Check the People’s Assembly website out and register for the event on 22nd June if you’re in London.
As a final word, my Dad showed me this speech a few weeks ago, made by Neil Kinnock in 1983, two days before polling day. Prophetic in so many ways, it could have been written yesterday:
“If Margaret Thatcher is re-elected as prime minister on Thursday, I warn you. I warn you that you will have pain – when healing and relief depend upon payment. I warn you that you will have ignorance – when talents are untended and wits are wasted, when learning is a privilege and not a right. I warn you that you will have poverty – when pensions slip and benefits are whittled away by a government that won’t pay in an economy that can’t pay. I warn you that you will be cold – when fuel charges are used as a tax system that the rich don’t notice and the poor can’t afford.

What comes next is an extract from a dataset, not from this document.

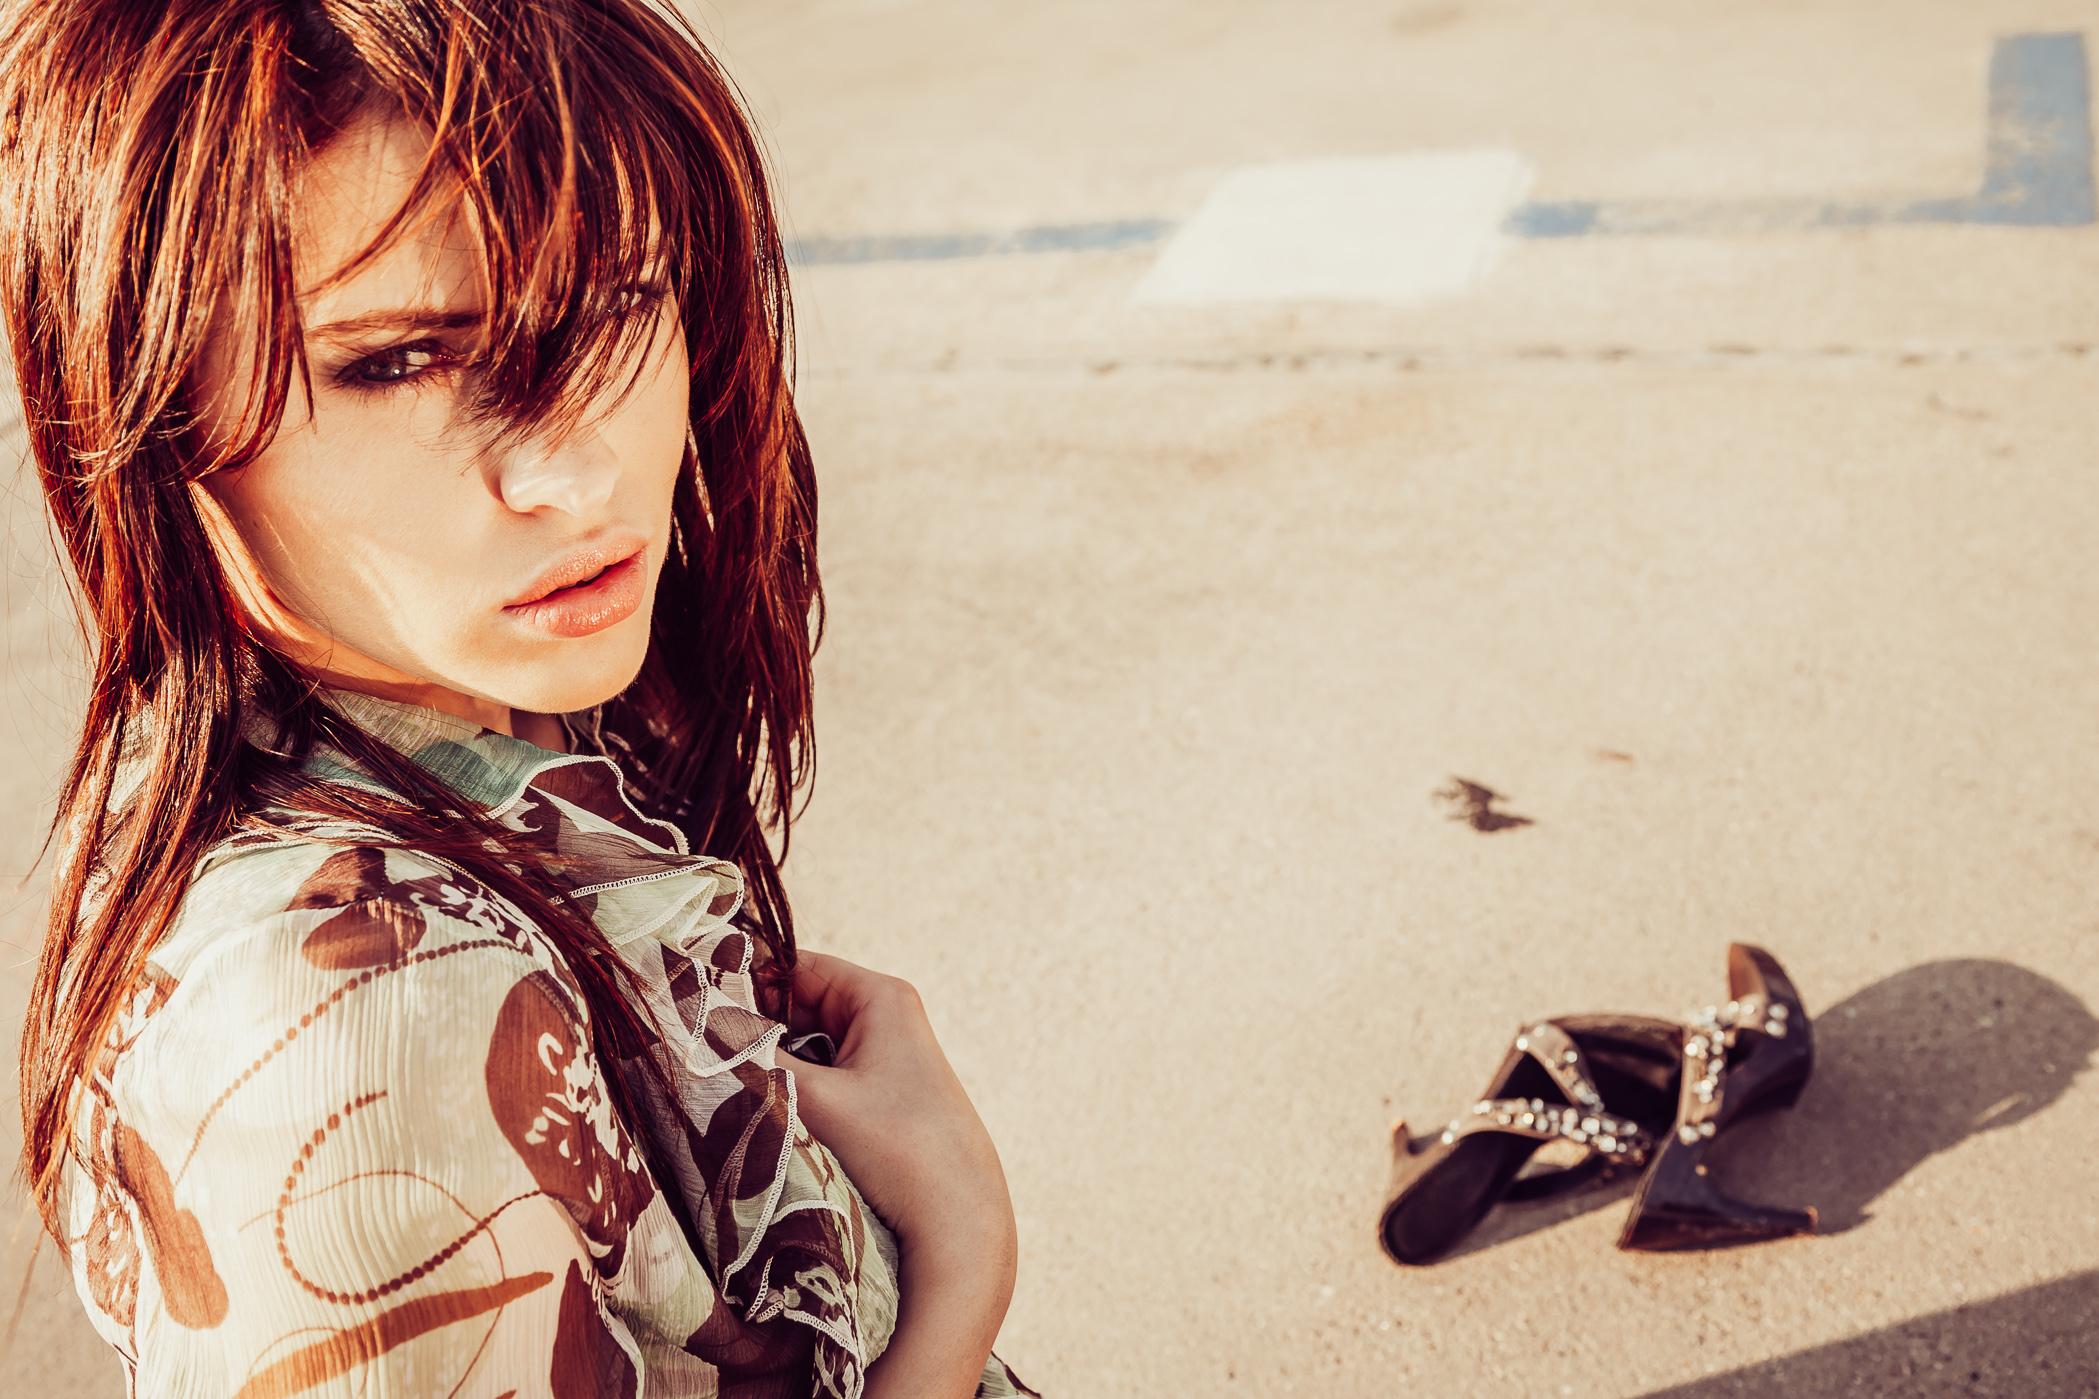 Hana Nitsche, Model, Super model, Florian Kresse, GNTM, Woman, sexy, look, portrait, photography, fashion, beauty

I warn you that you must not expect work – when many cannot spend, more will not be able to earn. When they don’t earn, they don’t spend. When they don’t spend, work dies. I warn you not to go into the streets alone after dark or into the streets in large crowds of protest in the light. I warn you that you will be quiet – when the curfew of fear and the gibbet of unemployment make you obedient. I warn you that you will have defence of a sort – with a risk and at a price that passes all understanding. I warn you that you will be home-bound – when fares and transport bills kill leisure and lock you up. I warn you that you will borrow less – when credit, loans, mortgages and easy payments are refused to people on your melting income.
If Margaret Thatcher wins on Thursday, I warn you not to be ordinary. I warn you not to be young. I warn you not to fall ill. I warn you not to get old.”
(Speech in Bridgend, Glamorgan, on Tuesday 7 June 1983. Thursday 9 June 1983 was polling day in the general election.)